David Scott Begley v. State

CourtIdaho Court of Appeals
DecidedJuly 10, 2013
StatusUnpublished

This text of David Scott Begley v. State (David Scott Begley v. State) is published on Counsel Stack Legal Research, covering Idaho Court of Appeals primary law. Counsel Stack provides free access to over 12 million legal documents including statutes, case law, regulations, and constitutions.

Bluebook
David Scott Begley v. State, (Idaho Ct. App. 2013).

Opinion

IN THE COURT OF APPEALS OF THE STATE OF IDAHO

Docket No. 39892

DAVID SCOTT BEGLEY, ) 2013 Unpublished Opinion No. 575 ) Petitioner-Appellant, ) Filed: July 10, 2013 ) v. ) Stephen W. Kenyon, Clerk ) STATE OF IDAHO, ) THIS IS AN UNPUBLISHED ) OPINION AND SHALL NOT Respondent. ) BE CITED AS AUTHORITY )

Appeal from the District Court of the Third Judicial District, State of Idaho, Canyon County. Hon. Thomas J. Ryan, District Judge.

Order summarily dismissing petition for post-conviction relief, affirmed in part, reversed in part, and remanded.

Sara B. Thomas, State Appellate Public Defender; Spencer J. Hahn, Deputy Appellate Public Defender, Boise, for appellant.

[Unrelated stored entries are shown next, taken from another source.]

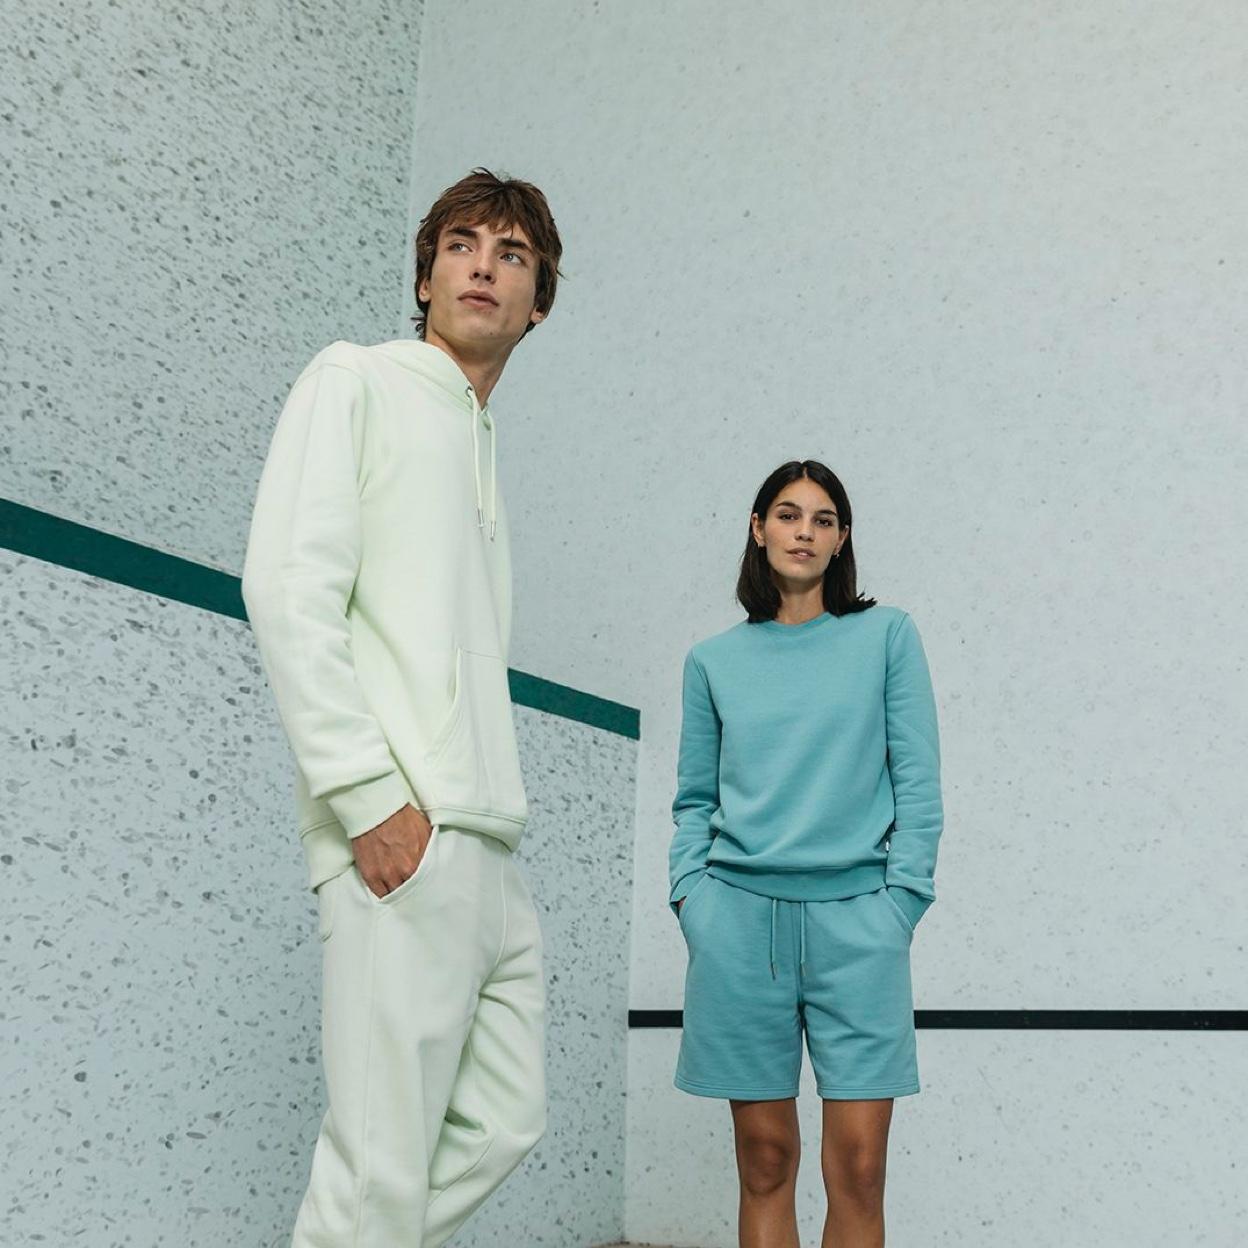 Visuel d'une femme et d'un homme portant les sweats personnalisables Stanley Stella
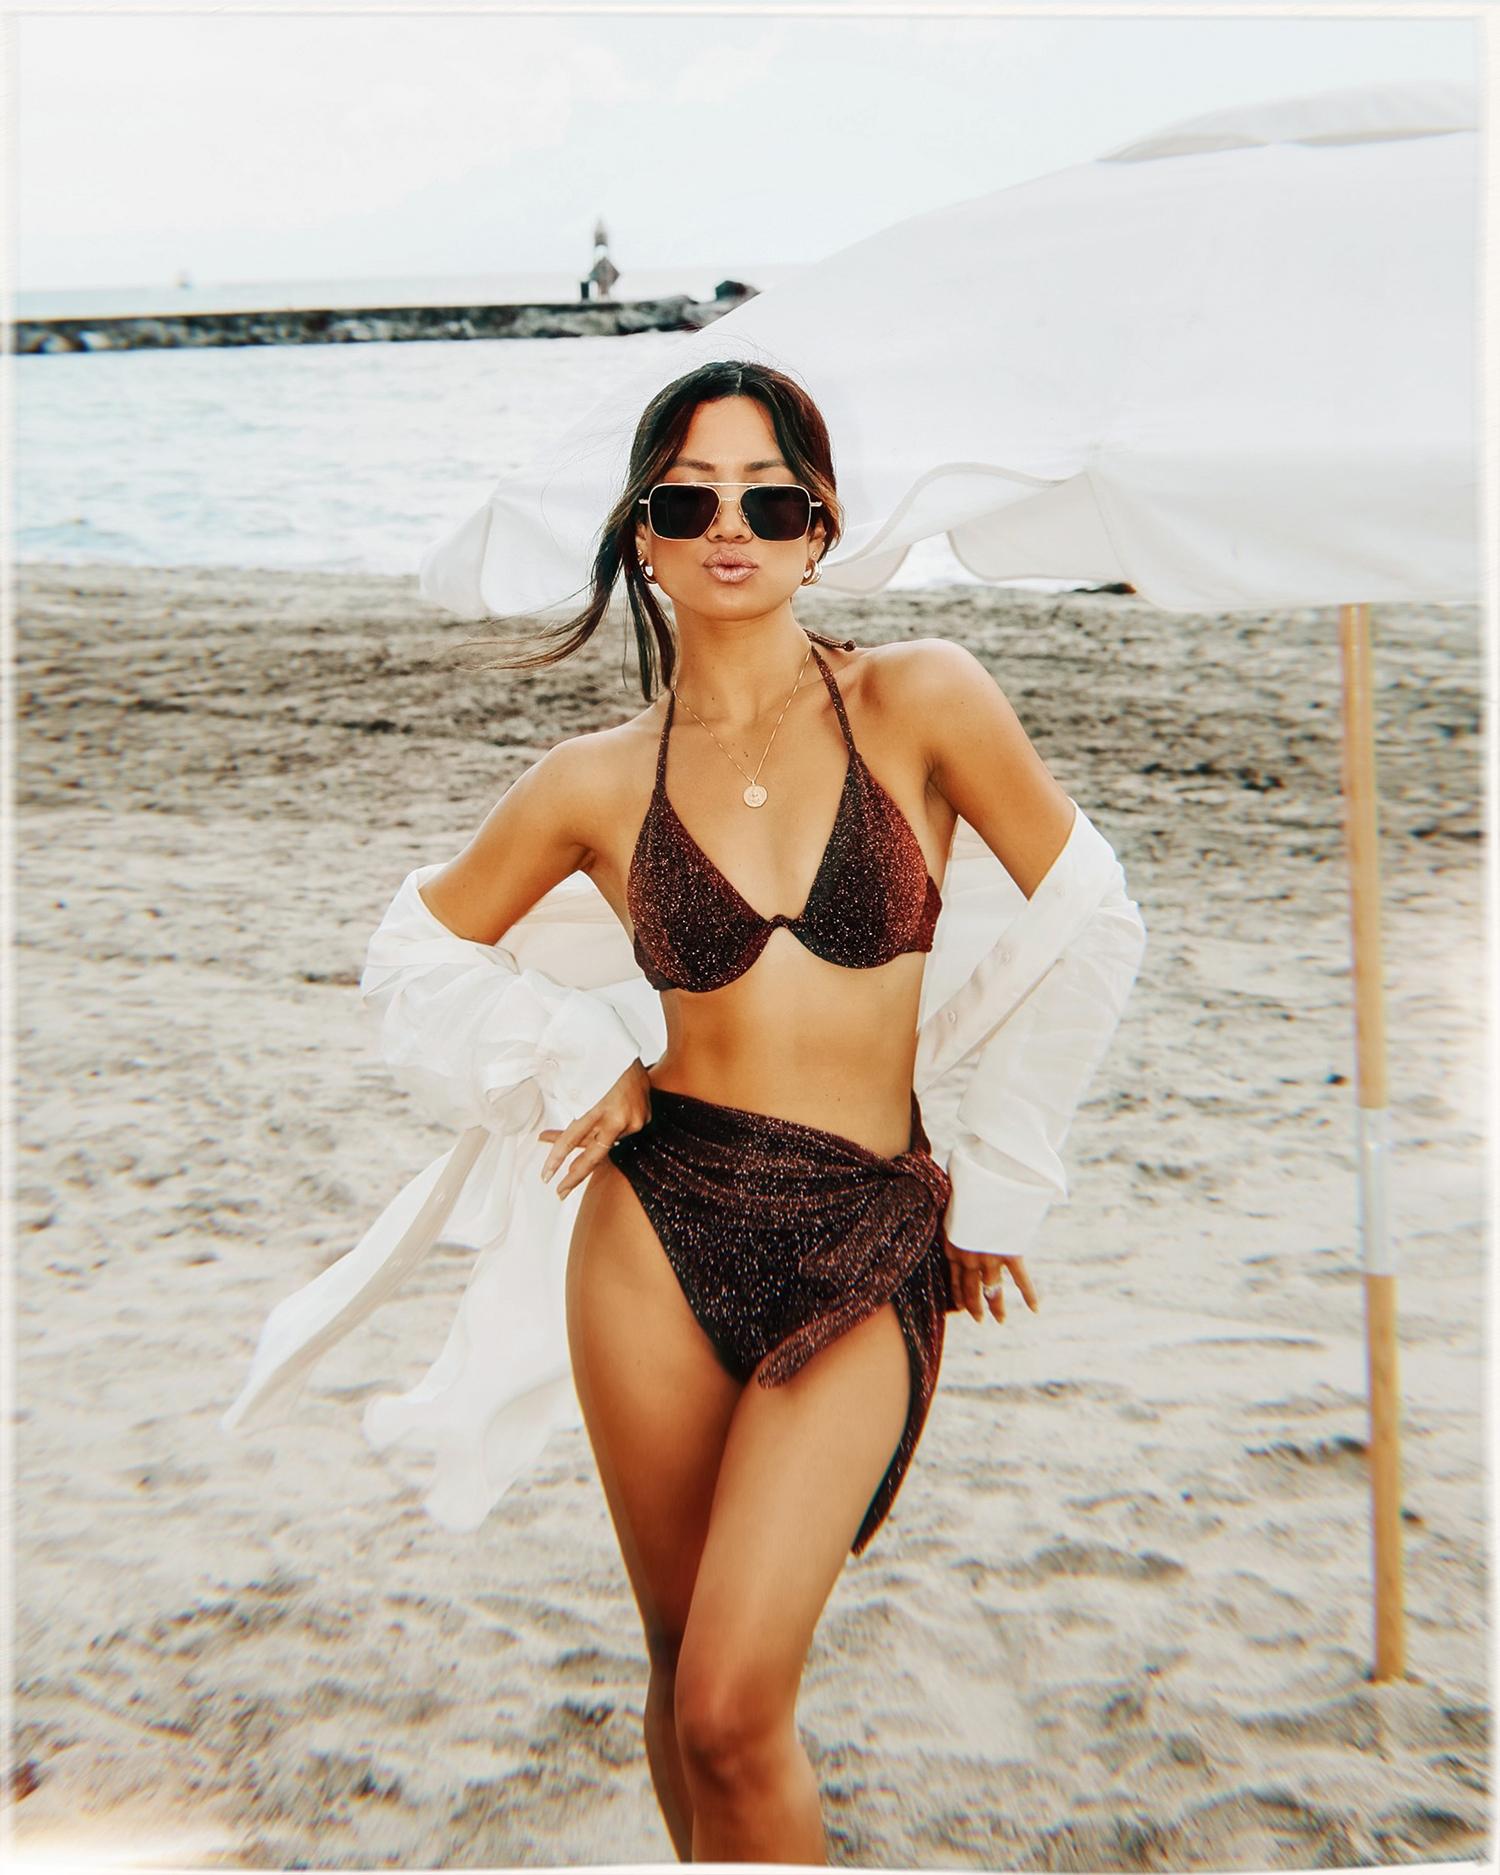 Jessi Malay bikini miami
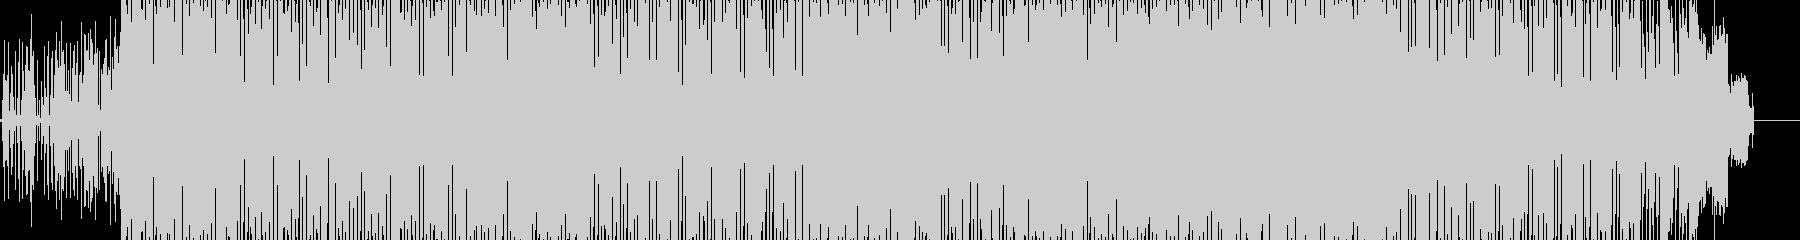 パニックレース/バトルレース疾走感!の未再生の波形
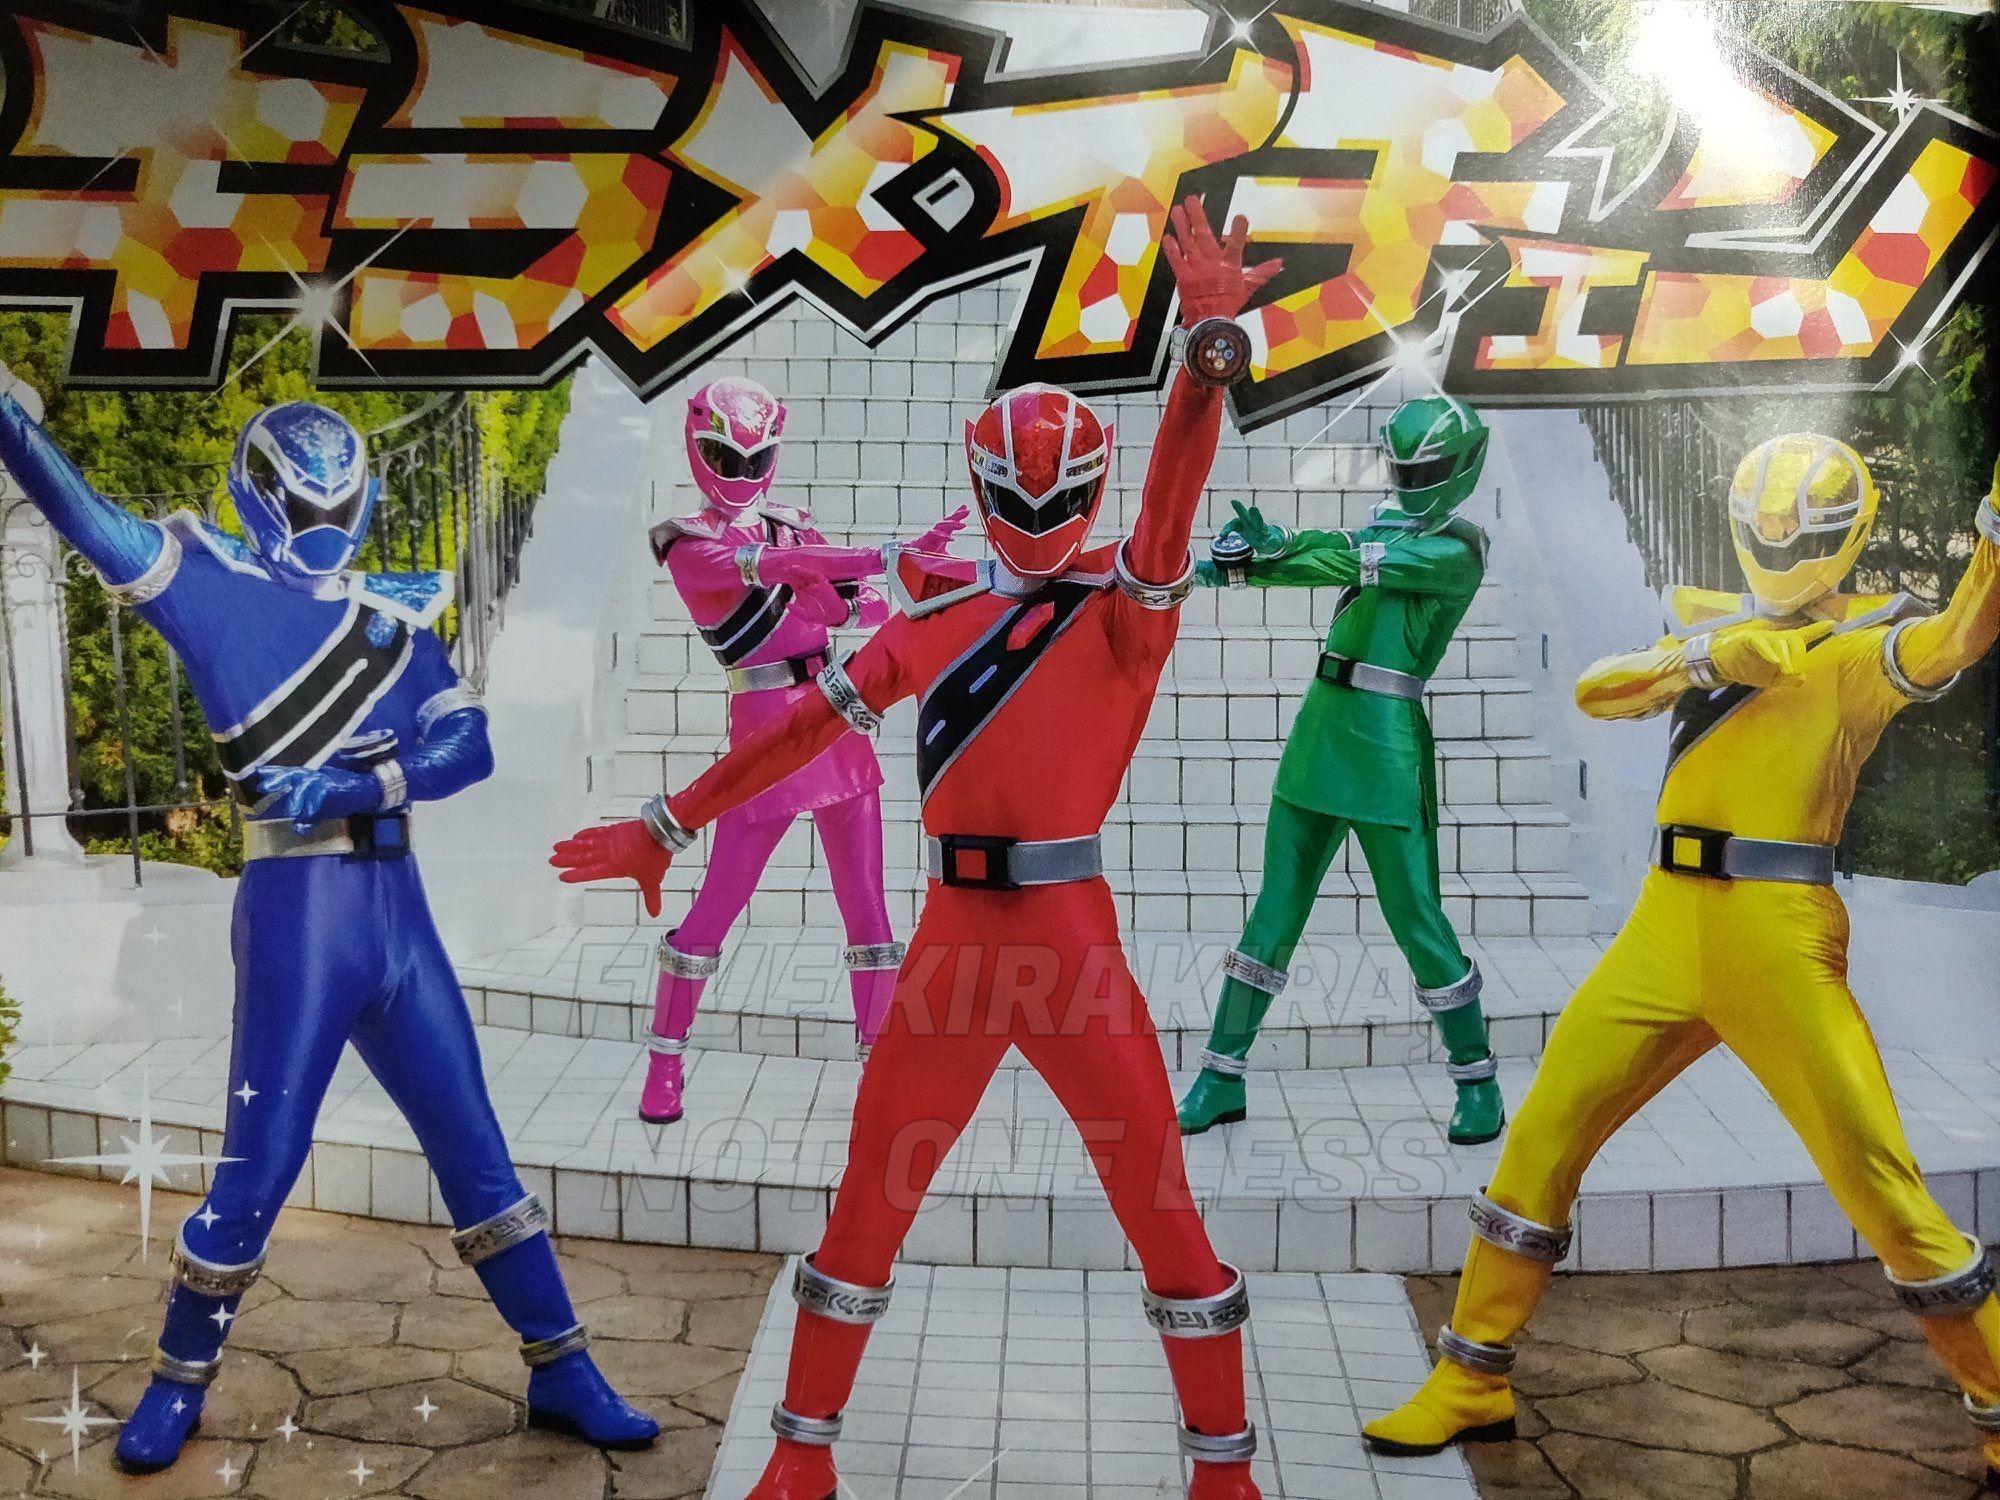 Pin by Kentaro on Super Sentai/Power Rangers Power
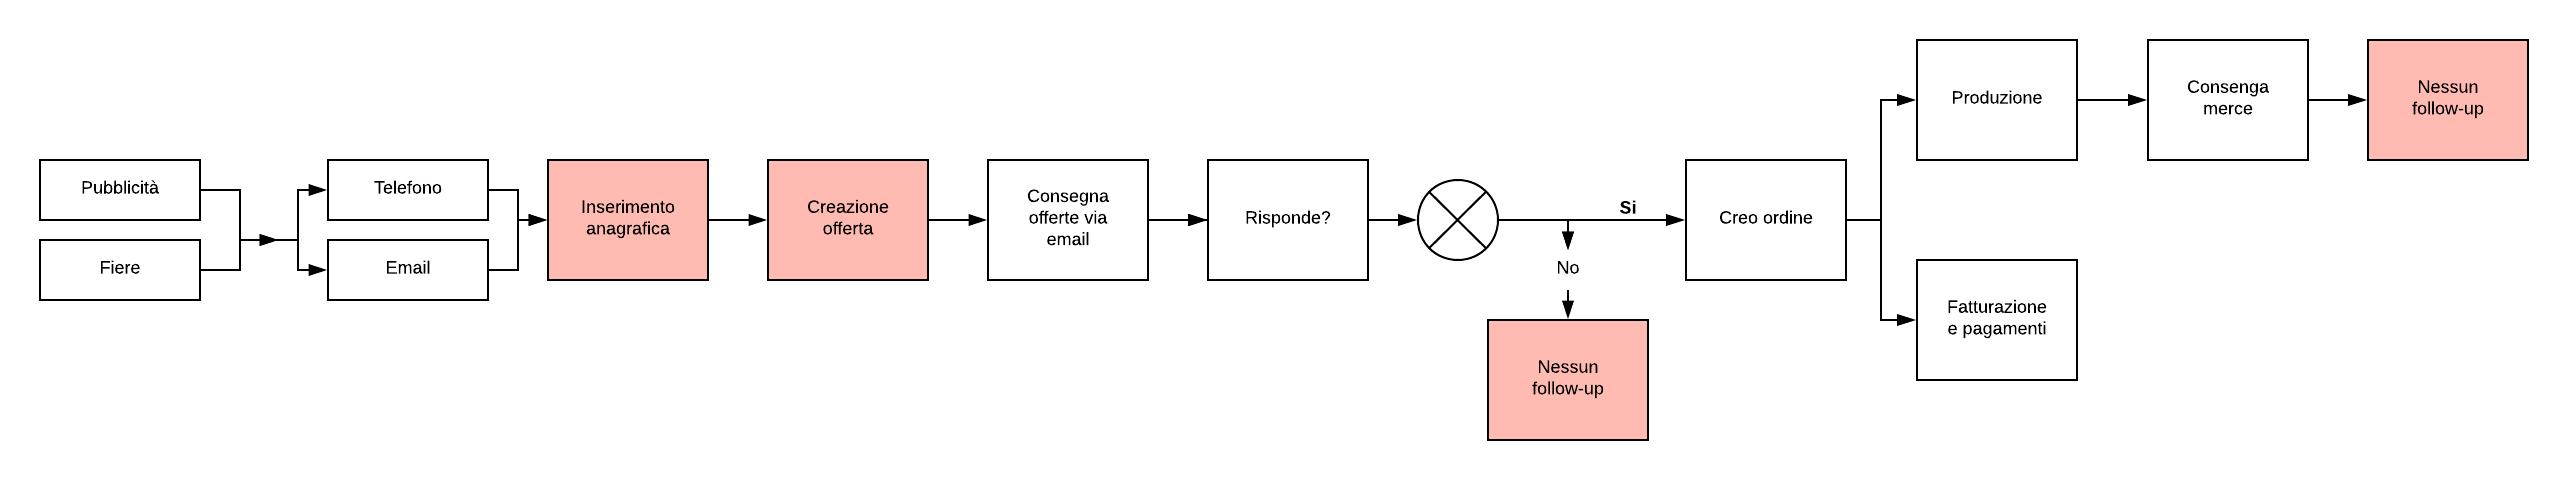 grafico-processi-attuali-crmfacile-cloudnova

Hon. Lawrence G. Wasden, Attorney General; Nicole L. Schafer, Deputy Attorney General, Boise, for respondent. ________________________________________________ MELANSON, Judge David Scott Begley appeals from the district court’s order summarily dismissing his petition for post-conviction relief. For the reasons set forth below, we affirm in part, reverse in part, and remand. I. FACTS AND PROCEDURE In 2008, a grand jury indicted Begley on three counts of lewd conduct with a minor under the age of sixteen. In 2009, Begley entered an Alford 1 plea to one count of felony injury to a child, I.C. § 18-1501(1), and the state dismissed the three counts of lewd conduct. The district court sentenced Begley to a unified term of ten years, with a minimum period of confinement of one year. On appeal, Begley’s judgment of conviction and sentence and the denial of his

1 See North Carolina v. Alford, 400 U.S. 25 (1970).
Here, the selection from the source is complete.